Non sappiamo se ci sarà, concretamente, una torta con 60 candeline, ma Johnny Depp avrà comunque espresso un desiderio: quello di tornare a splendere nel firmamento delle star. Di certo potrà festeggiare con un sorriso in più con i “regali” fatti dalla ex moglie, Amber Heard e dalla Disney. Dopo un anno di contese a colpi di disperate testimonianze, la Heard ha finalmente versato al suo ex marito il milione di dollari richiesto dal patteggiamento a seguito del processo per diffamazione.

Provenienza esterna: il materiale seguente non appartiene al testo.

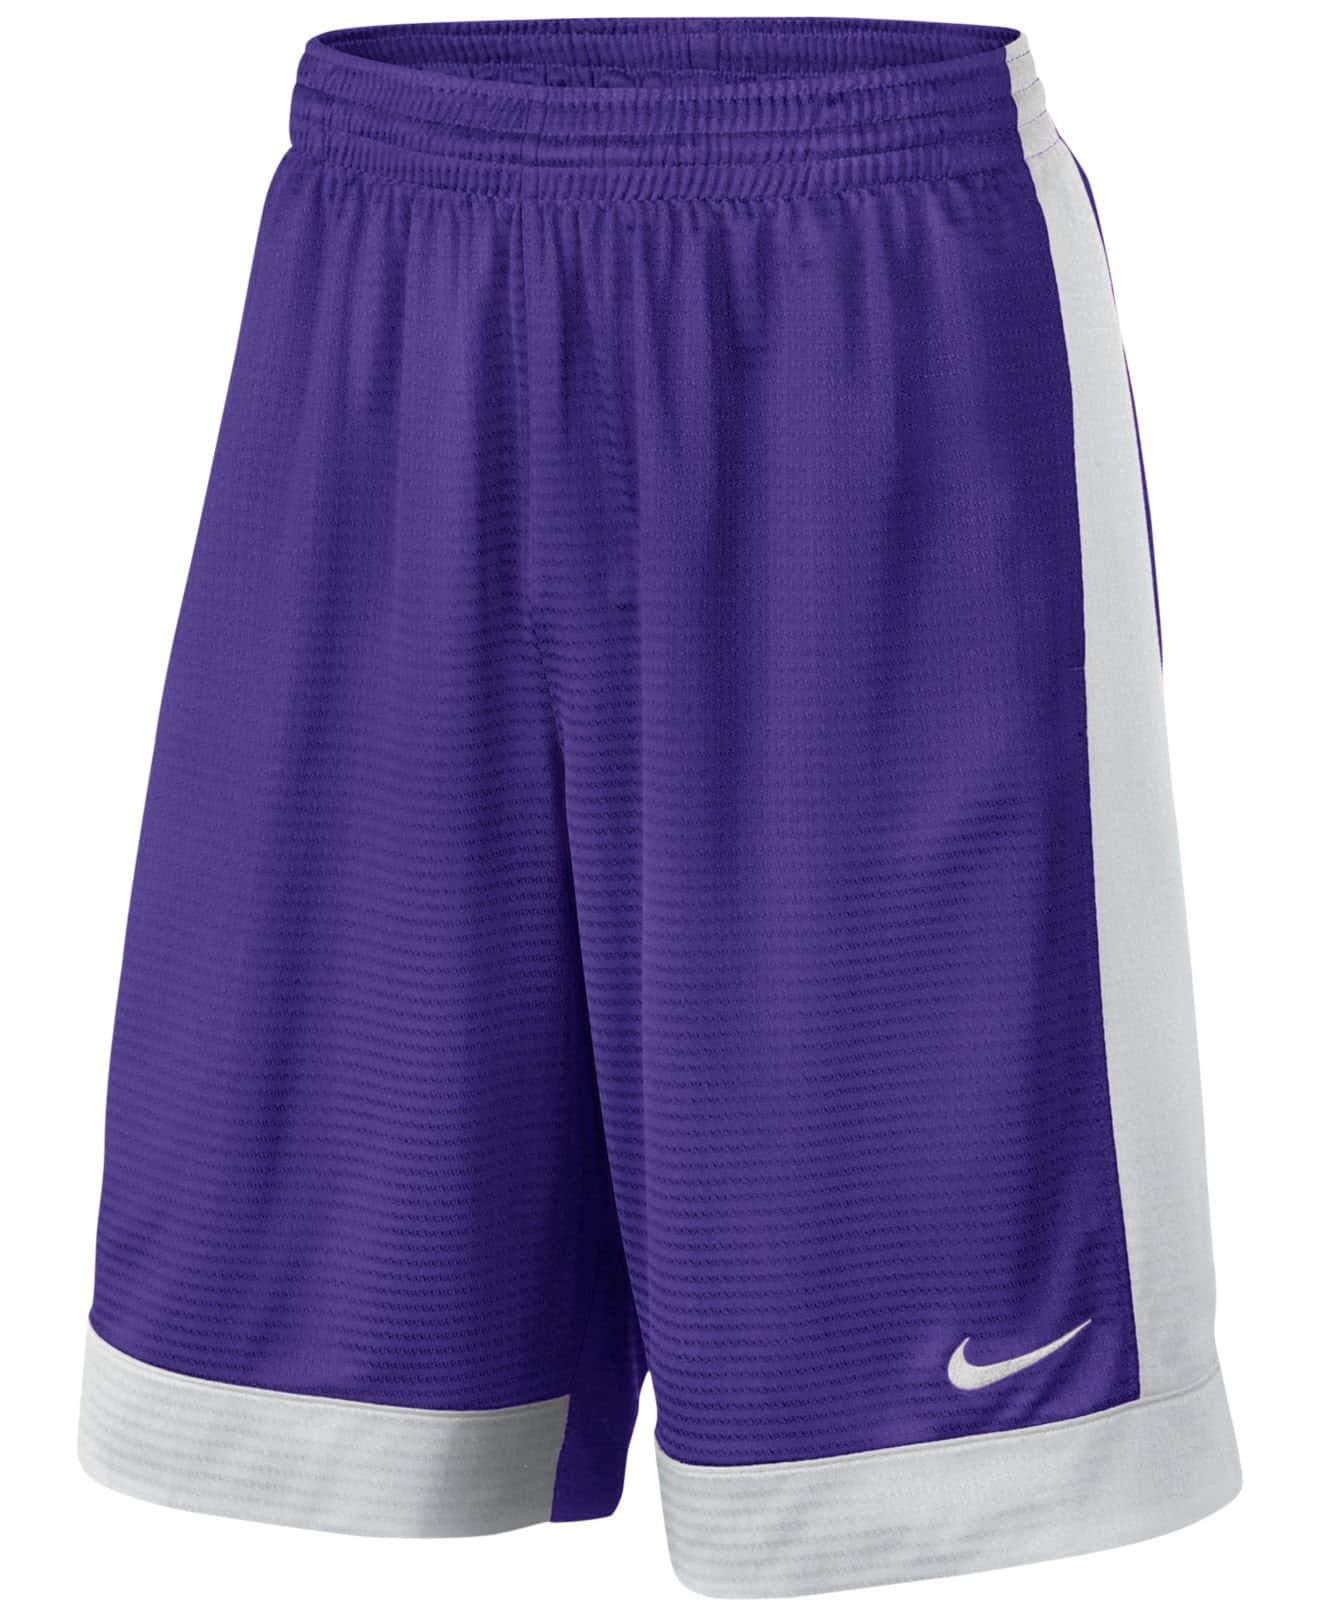 Stay cool and stylish with these vibrant purple shorts Wallpaper

E se pensate che per uno come lui un milione equivale a pochi spiccioli vi sbagliate di grosso. Depp, per l’appunto, è uscito dal processo contro l’ex moglie con le ossa a pezzi. E il conto quasi prosciugato dalle spese del lungo calvario giudiziario. Ma la fine del processo di Fairfax in Virginia ha comunque messo una pietra sopra (o quasi) a uno dei capitoli più bui della sua lunga carriera. E si parla di “carriera” e non di vita privata perché il lungo svolgimento processuale ha inficiato inevitabilmente sul lavoro dell’attore. Che si è visto sbattere in faccia numerose porte dall’establishment hollywoodiano che gli hanno fatto perdere oltre all’opportunità lavorativa anche gran parte della sua credibilità.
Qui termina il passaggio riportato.